Pandas version checks

  • [X] I have checked that this issue has not already been reported.

  • [X] I have confirmed this bug exists on the latest version of pandas.

  • [ ] I have confirmed this bug exists on the main branch of pandas.

Reproducible Example

import pandas as pd
from typing import TypeVar, Generic

T = TypeVar("T")

class MyDataFrame(pd.DataFrame, Generic[T]):
    ...

def func() -> MyDataFrame[int]:
    return MyDataFrame[int]({"foo": [1, 2, 3]})

x = func()
print(x)

Issue Description

With pandas 1.5.1 and python 3.10, the code above gives no warning at runtime.

With pandas 1.5.1 and python 3.11, you get a warning from the typing library at runtime:

C:\Anaconda3\envs\pandasstubs311\Lib\typing.py:1253: UserWarning: Pandas doesn't allow columns to be created via a new attribute name - see https://pandas.pydata.org/pandas-docs/stable/indexing.html#attribute-access
  result.__orig_class__ = self

We have testing code in pandas-stubs that uses this, because it was reported by the people developing the pandera library.

Expected Behavior

No warning.

We're doing something in pandas that doesn't allow a Generic subclass to be created with python 3.11.

Installed Versions

INSTALLED VERSIONS ------------------ commit : 91111fd99898d9dcaa6bf6bedb662db4108da6e6 python : 3.11.0.final.0 python-bits : 64 OS : Windows OS-release : 10 Version : 10.0.19043 machine : AMD64 processor : Intel64 Family 6 Model 158 Stepping 13, GenuineIntel byteorder : little LC_ALL : None LANG : None LOCALE : English_United States.1252 pandas : 1.5.1 numpy : 1.23.4 pytz : 2022.6 dateutil : 2.8.2 setuptools : 65.5.1 pip : 22.3.1 Cython : None pytest : 7.2.0 hypothesis : None sphinx : None blosc : None feather : None xlsxwriter : None lxml.etree : None html5lib : 1.1 pymysql : None psycopg2 : None jinja2 : 3.1.2 IPython : None pandas_datareader: None bs4 : None bottleneck : None brotli : None fastparquet : None fsspec : None gcsfs : None matplotlib : 3.6.2 numba : None numexpr : None odfpy : None openpyxl : 3.0.10 pandas_gbq : None pyarrow : None pyreadstat : None pyxlsb : 1.0.10 s3fs : None scipy : 1.9.3 snappy : None sqlalchemy : 1.4.43 tables : None tabulate : 0.9.0 xarray : 2022.11.0 xlrd : 2.0.1 xlwt : None zstandard : None tzdata : None

Comment From: Dr-Irv

Seems like is_list_like() is not handling a generic alias correctly:

import pandas as pd

from pandas._libs import lib
import sys

is_list_like = lib.is_list_like


from typing import TypeVar, Generic

T = TypeVar("T")


class Base:
    def __init__(self, x: int):
        self._x = x


class Gen(Base, Generic[T]):
    ...


fooc = Gen[float]
print(type(fooc))
print(sys.version)
print("pandas version ", pd.__version__)
print(is_list_like(fooc))

With python 3.10, output is

<class 'typing._GenericAlias'>
3.10.4 | packaged by conda-forge | (main, Mar 30 2022, 08:38:02) [MSC v.1916 64 bit (AMD64)]
pandas version  1.5.1
False

With python 3.11, output is

<class 'typing._GenericAlias'>
3.11.0 | packaged by conda-forge | (main, Oct 25 2022, 06:12:32) [MSC v.1929 64 bit (AMD64)]
pandas version  1.5.1
True

Comment From: sagitta42

Hi everyone, I'm getting a warning UserWarning: Pandas doesn't allow columns to be created via a new attribute name when assigning a dictionary as an attribute to a class inheriting from DataFrame.
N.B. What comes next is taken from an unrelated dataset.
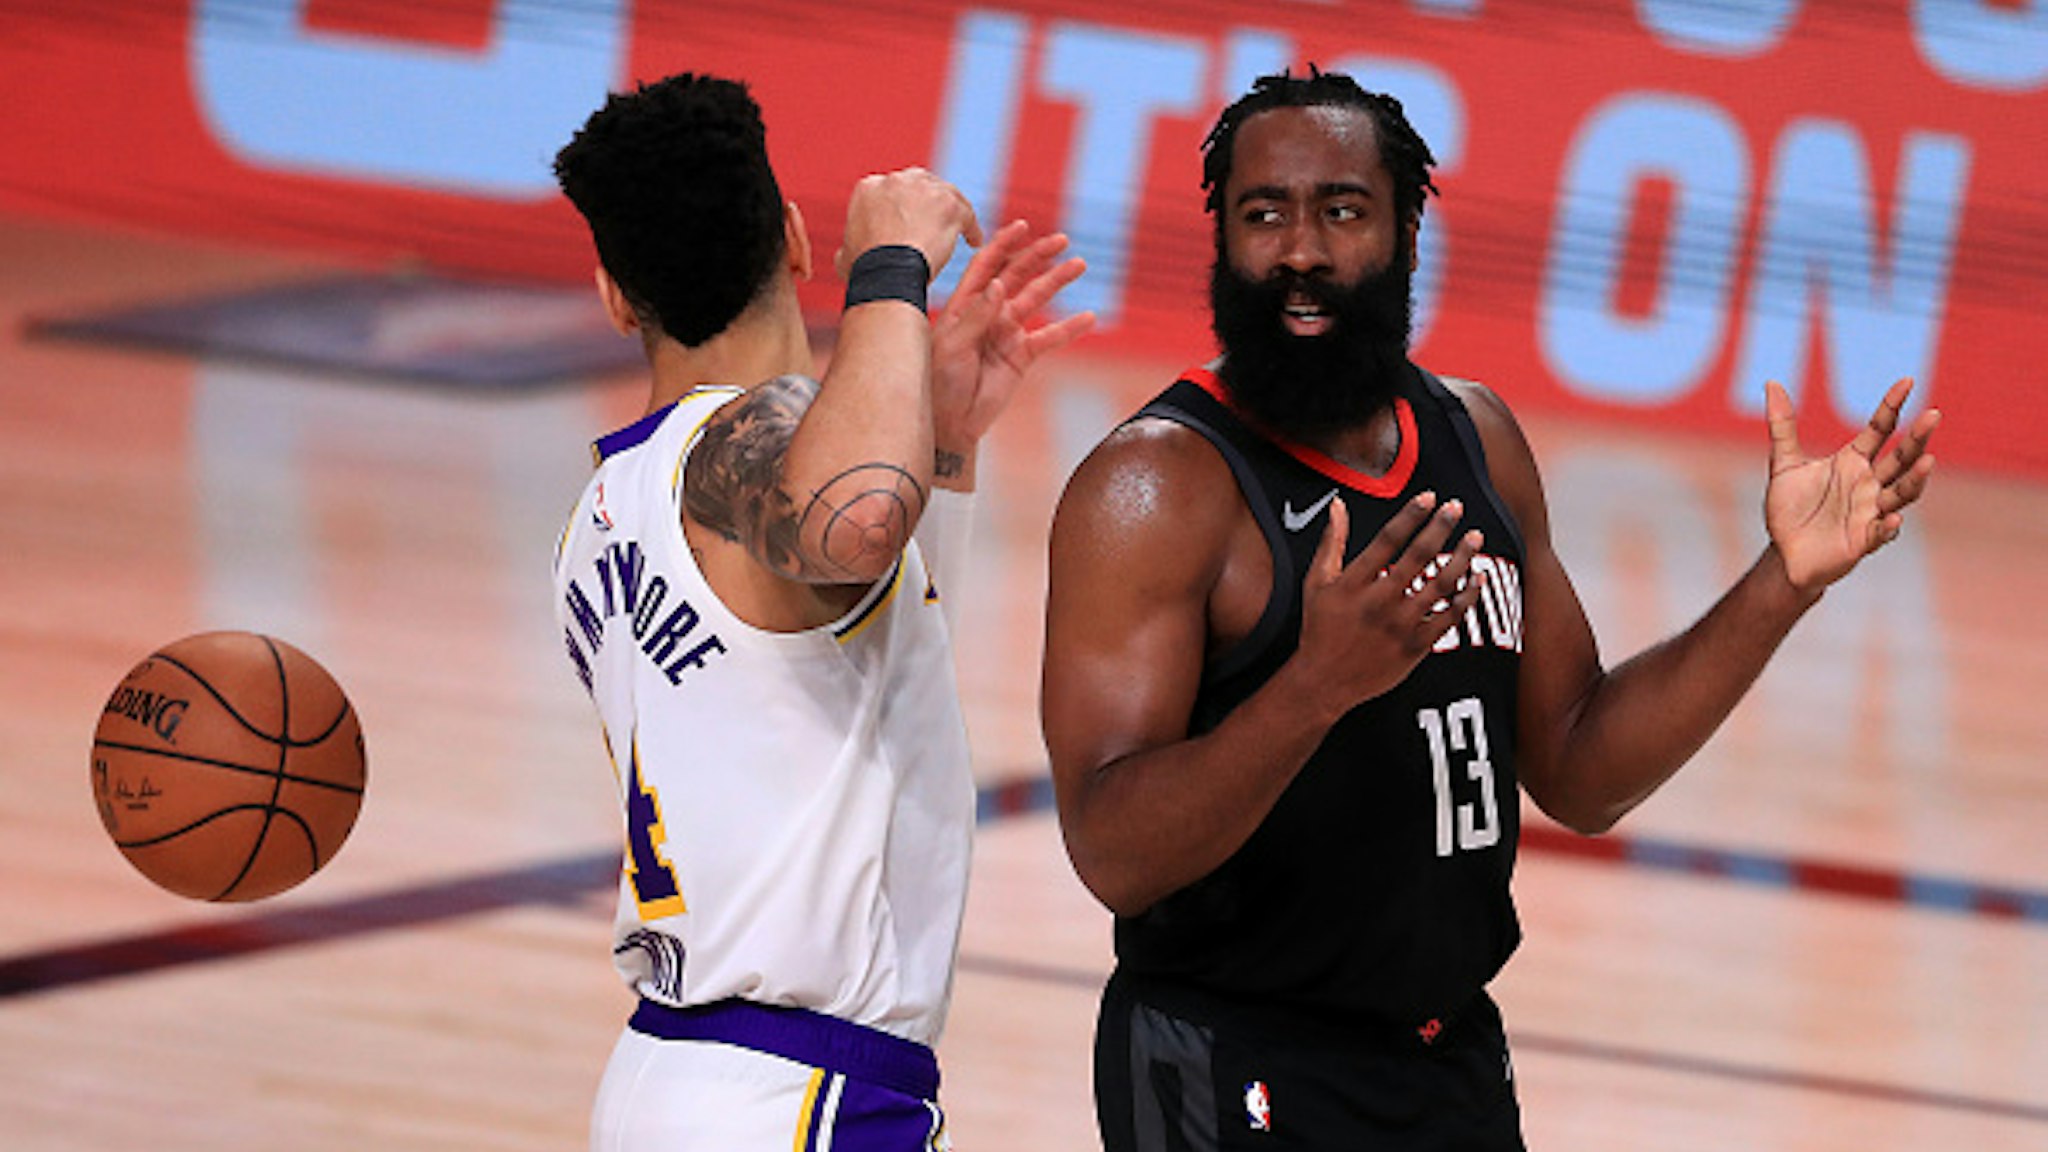 LAKE BUENA VISTA, FLORIDA - SEPTEMBER 12: James Harden #13 of the Houston Rockets reacts with Danny Green #14 of the Los Angeles Lakers during the third quarter in Game Five of the Western Conference Second Round during the 2020 NBA Playoffs at AdventHealth Arena at the ESPN Wide World Of Sports Complex on September 12, 2020 in Lake Buena Vista, Florida. NOTE TO USER: User expressly acknowledges and agrees that, by downloading and or using this photograph, User is consenting to the terms and conditions of the Getty Images License Agreement.

I have not found this issue being reported.

Version checks: python version 3.10.7, pandas 1.5.3

Example:

import pandas as pd

class MyClass(pd.DataFrame):
    def __init__(self, dct_frame, dct_settings):
        pd.DataFrame.__init__(self, dct_frame)
        self.settings = dct_settings


mc = MyClass({'a': [1,2], 'b': [3,4]}, {'plot_style': 'param_per_chanenl'})

Warning message:

UserWarning: Pandas doesn't allow columns to be created via a new attribute name - see https://pandas.pydata.org/pandas-docs/stable/indexing.html#attribute-access
  self.settings = dct_settings

Is there a way to combat this? Or should I find another way of structuring my class to avoid this? I'm an amateur and don't know how to structure a comment in an issue thread properly, but didn't know where else to ask, as I'm not finding discussions on this, so I want to apologize for bothering.

Comment From: Dr-Irv

Because pandas allows referring to columns as an attribute, you can't add attributes to a subclass. You can store your additional attributes in Dataframe.attrs

The following should work:

import pandas as pd

class MyClass(pd.DataFrame):
    def __init__(self, dct_frame, dct_settings):
        pd.DataFrame.__init__(self, dct_frame)
        self.attrs["settings"] = dct_settings

Comment From: sagitta42

Thanks for the lightning fast response! It did not flash the warning when creating string attributes in the subclass, but did for a dict attribute. I will follow your suggestion.